The steps i performed after getting this error are:

  1. Opened terminal and enter the following command:

docker login nvcr.io

Login was successful.

  1. Then from that terminal i launch my jupyter notebook but again the same issue persists.

Please provide me any solution for this ASAP.

Thanks

Hi,

TAO doesn’t support the Jetson platform.
You will need to apply the training in a desktop environment.

https://developer.nvidia.com/tao-toolkit

Can TAO Toolkit be used to train on Jetson?
------------------------------------------------------------
Training with TAO Toolkit is only on x86 with NVIDIA GPU such as a V100. Models trained with TAO Toolkit can be deployed on any NVIDIA platform including Jetson.

Thanks.

Hello,
I’m a novice with development on NVIDIA.
Might I know more concerning this statement: “TAO doesn’t support the Jetson platform.”

I am following the steps on this blog page, all from a Jetson NX with all the recommended libraries and prerequisites installed as per guides on the NVIDIA documentation.

There are frequent errors, as expected, which I have troubleshooted with help from the forums and other resources.
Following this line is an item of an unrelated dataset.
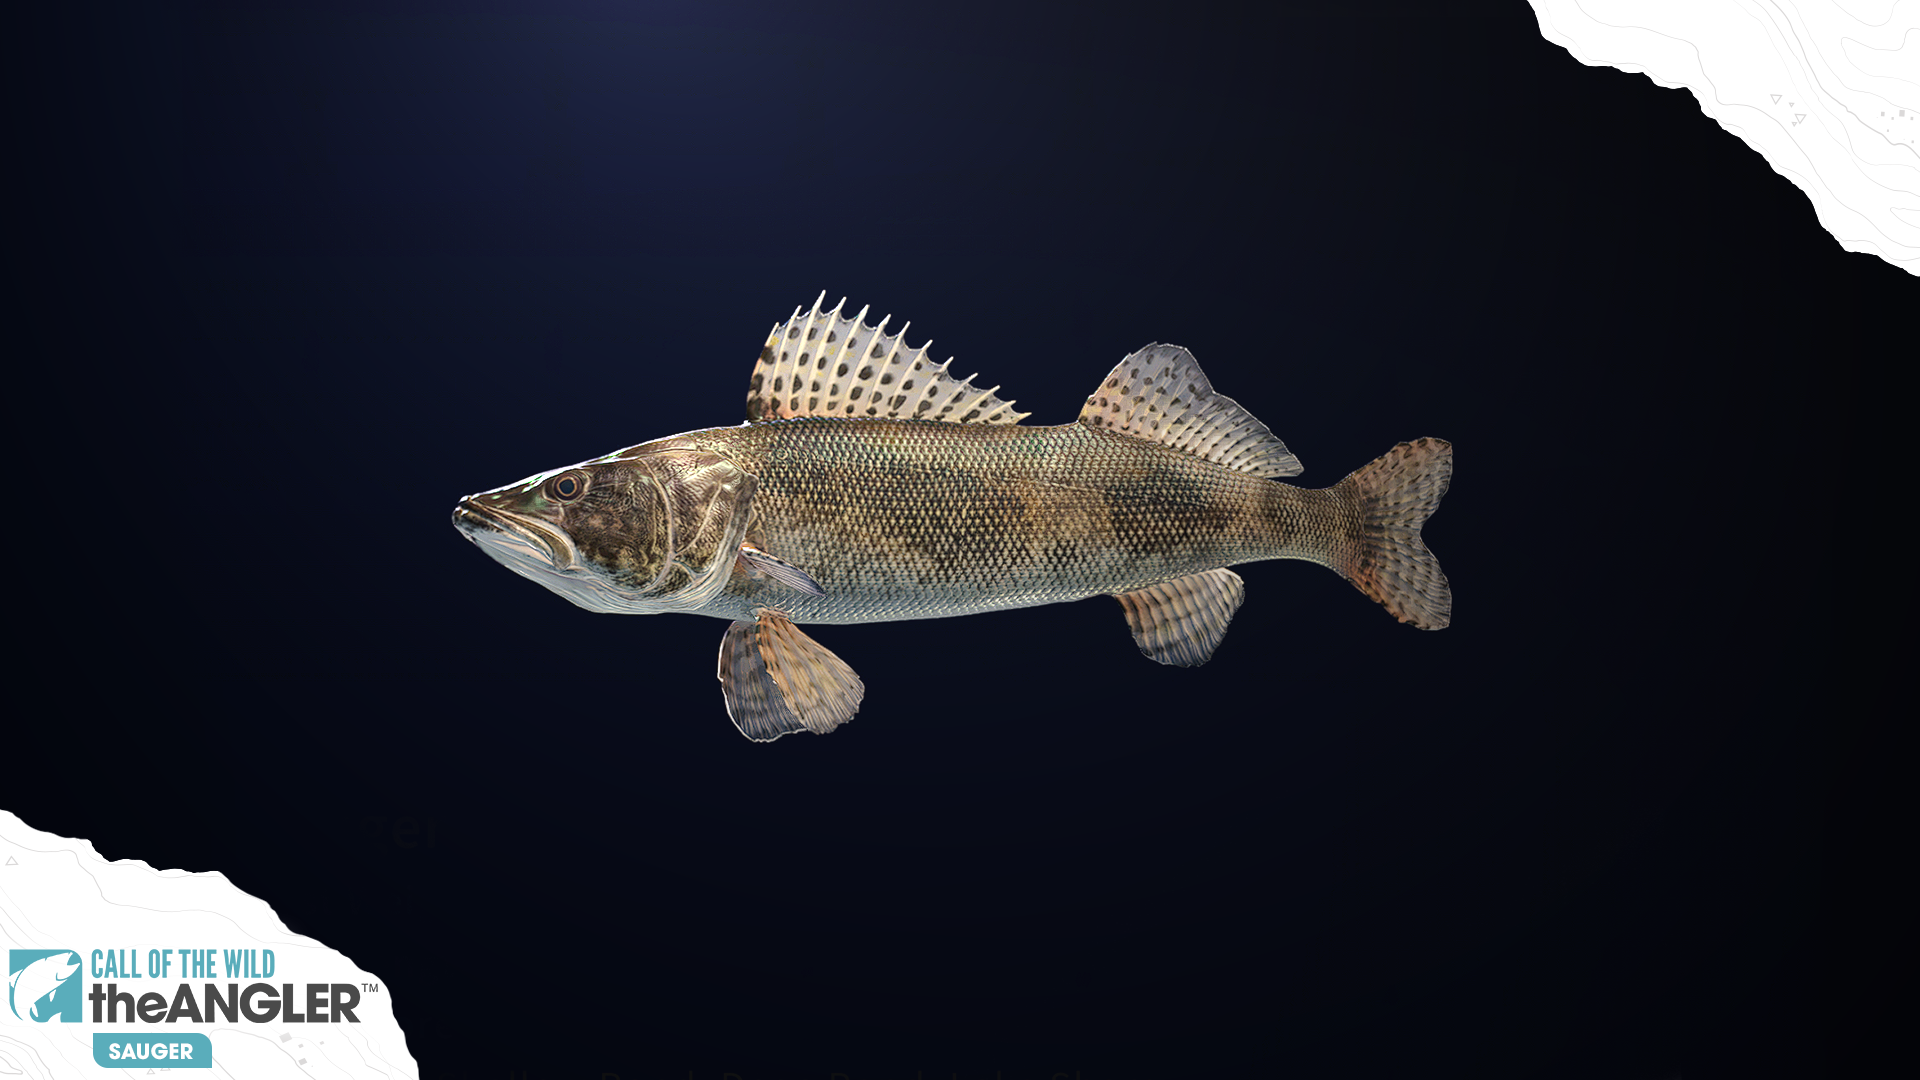 An image of the fish species, Sauger.

I’m having trouble getting past this step:

Split the data into two parts: 80% for the training set and 20% for the validation set

The latest error returned on executing the command for this step is:

Error response from daemon: Container f595c6cb0e4c6c8dad9ee0a24ca1d675dc41b7772978c7e1b713624c4f2445cf is not running
...(some traceback lines)...
requests.exceptions.HTTPError: 404 Client Error: Not Found for url: http+docker://localhost/v1.41/containers/f595c6cb0e4c6c8dad9ee0a24ca1d675dc41b7772978c7e1b713624c4f2445cf/stop

Among the things I’ve tried: restarting the system + docker, specifying the architecture with the --platform flag, pruning and redownloading the latest TAO CV image.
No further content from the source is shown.